Culture, Nation, and the New Scottish Parliament asserts that while Scotland's new Parliament (1999) is a creation of laws, politics, and economics, some of the forces underpinning it are cultural, therefore constantly alive and insistently creative. Scotland may not be confined by, but has always lived within and moved forward and outward, through its signs and stories. In the moment of the new Parliament, it is time to cast up Scotland's accounts of past and present, and to review the nation's futures. Readers will find the usual signs of Scotland foregrounded, questioned, and re-energized as contributors trace the dynamic toward a Scottish Parliament." (Publisher)
Caroline McCracken-Flesher is Professor of English and Director of the Center for Global Studies at the University of Wyoming where she teaches the novel, the British eighteenth and nineteenth centuries, Scottish literature, and literary theory.

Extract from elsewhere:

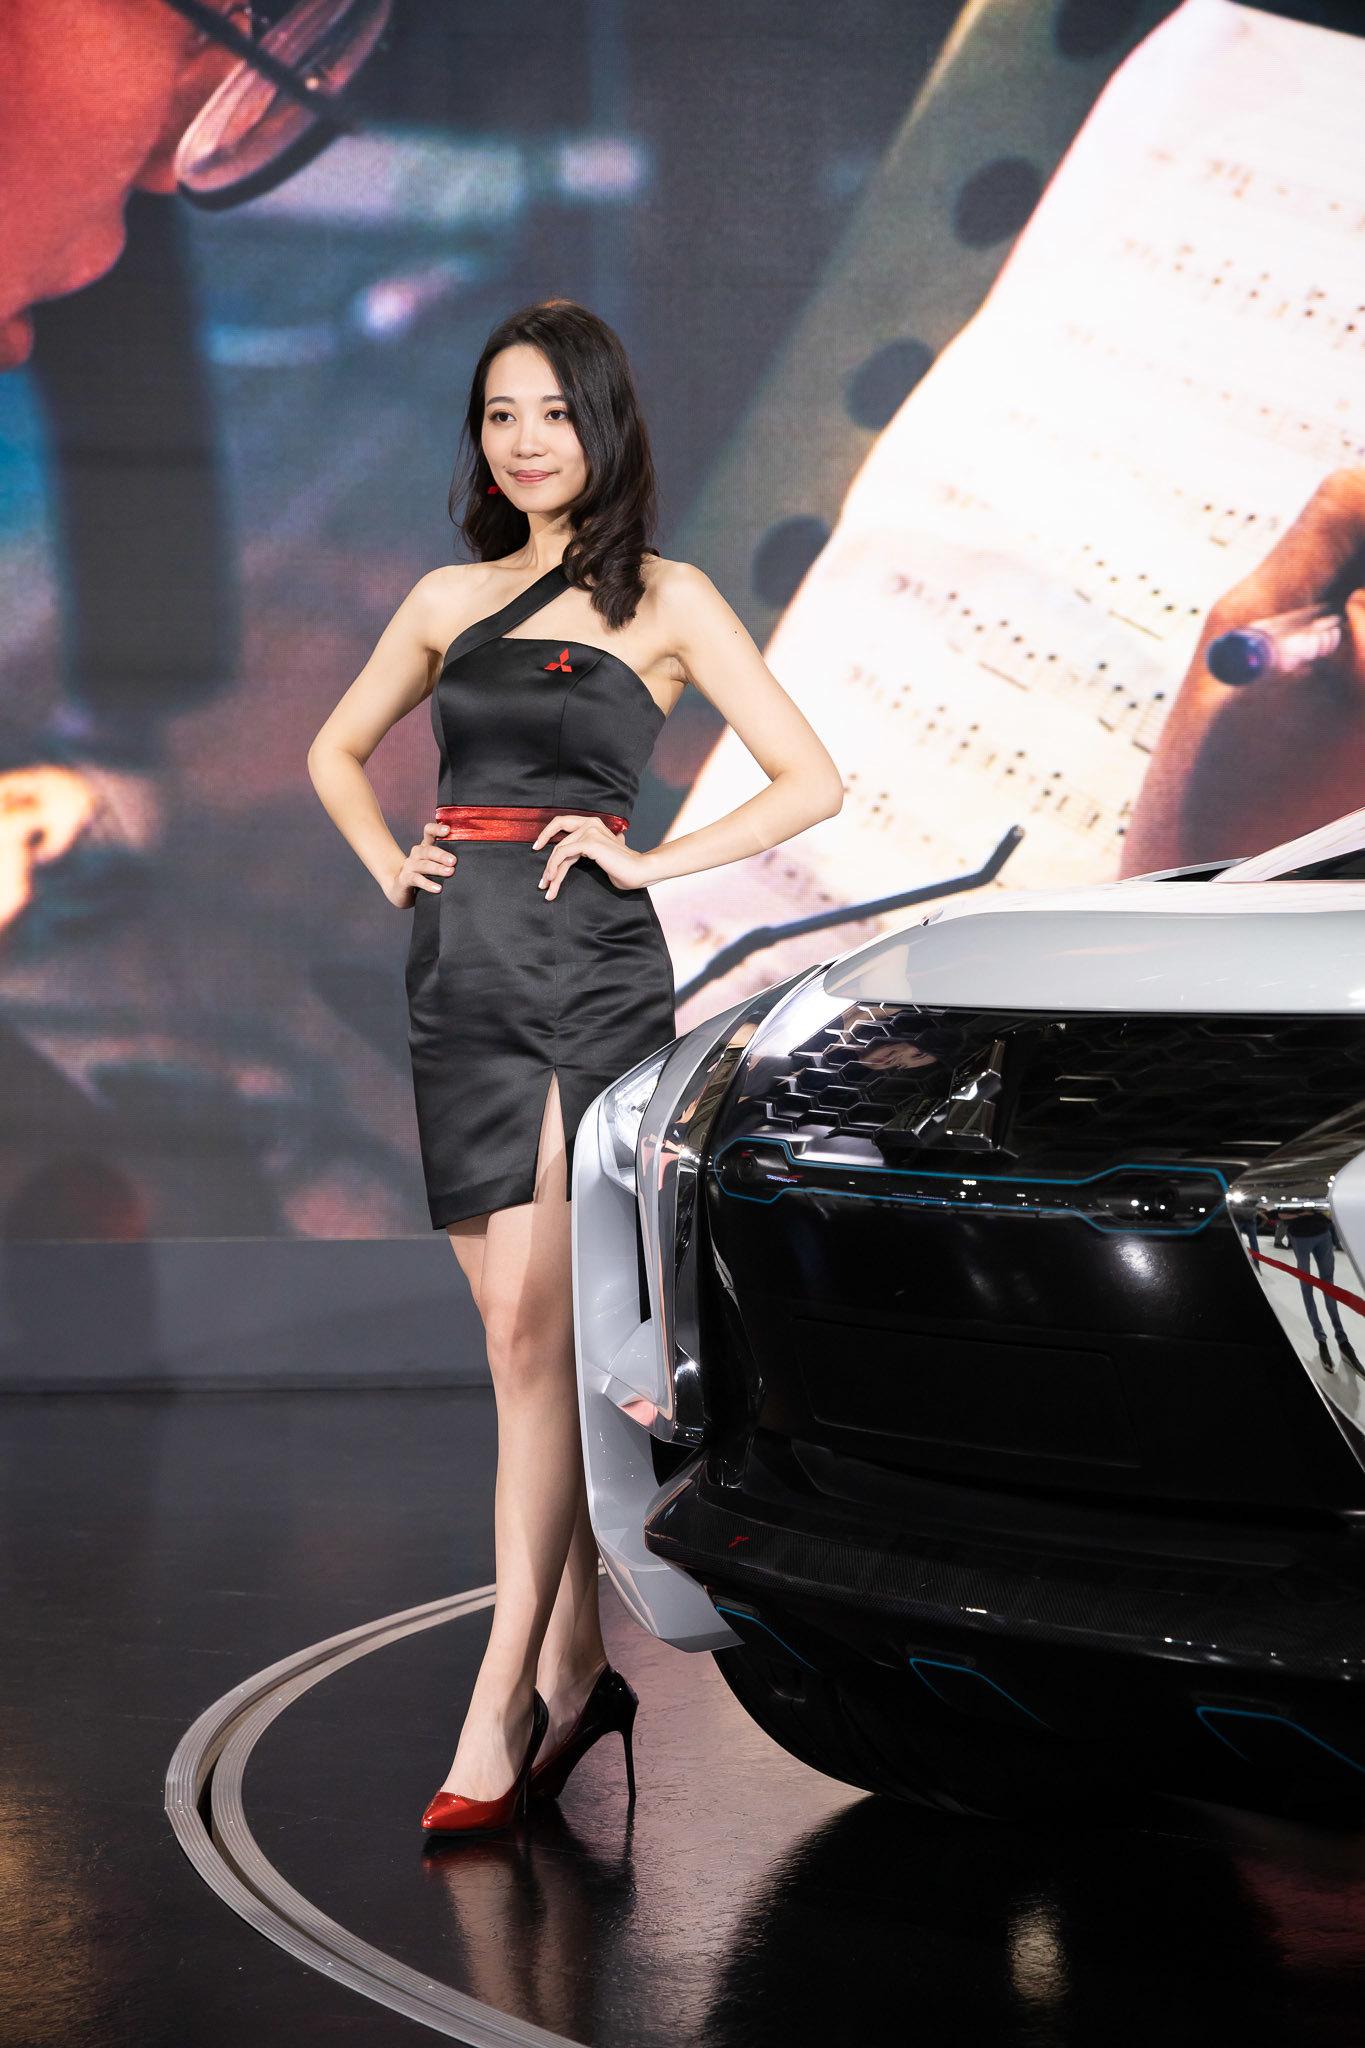 汽車 Cars - 台北 2020 Taipei 2020 #0067

Her monographs include Possible Scotlands: Walter Scott and the Story of Tomorrow (2005) and The Doctor Dissected: A Cultural Autopsy of the Burke and Hare Murders (2012). She edited the anthologies Culture, Nation, and the New Scottish Parliament (2005) and Scotland as Science Fiction (2007) and co-edited volumes such as Walter Scott at 250: Looking Forward (2021) and The International Companion to Nineteenth-Century Scottish Literature (2022). She published an edition of Mary Paterson (2015) and is currently editing Robert Louis Stevenson’s Kidnapped and John Gibson Lockhart’s Reginald Dalton for EUP. With Alan Riach, she is developing the Edinburgh Biographical Dictionary of Scottish Writers.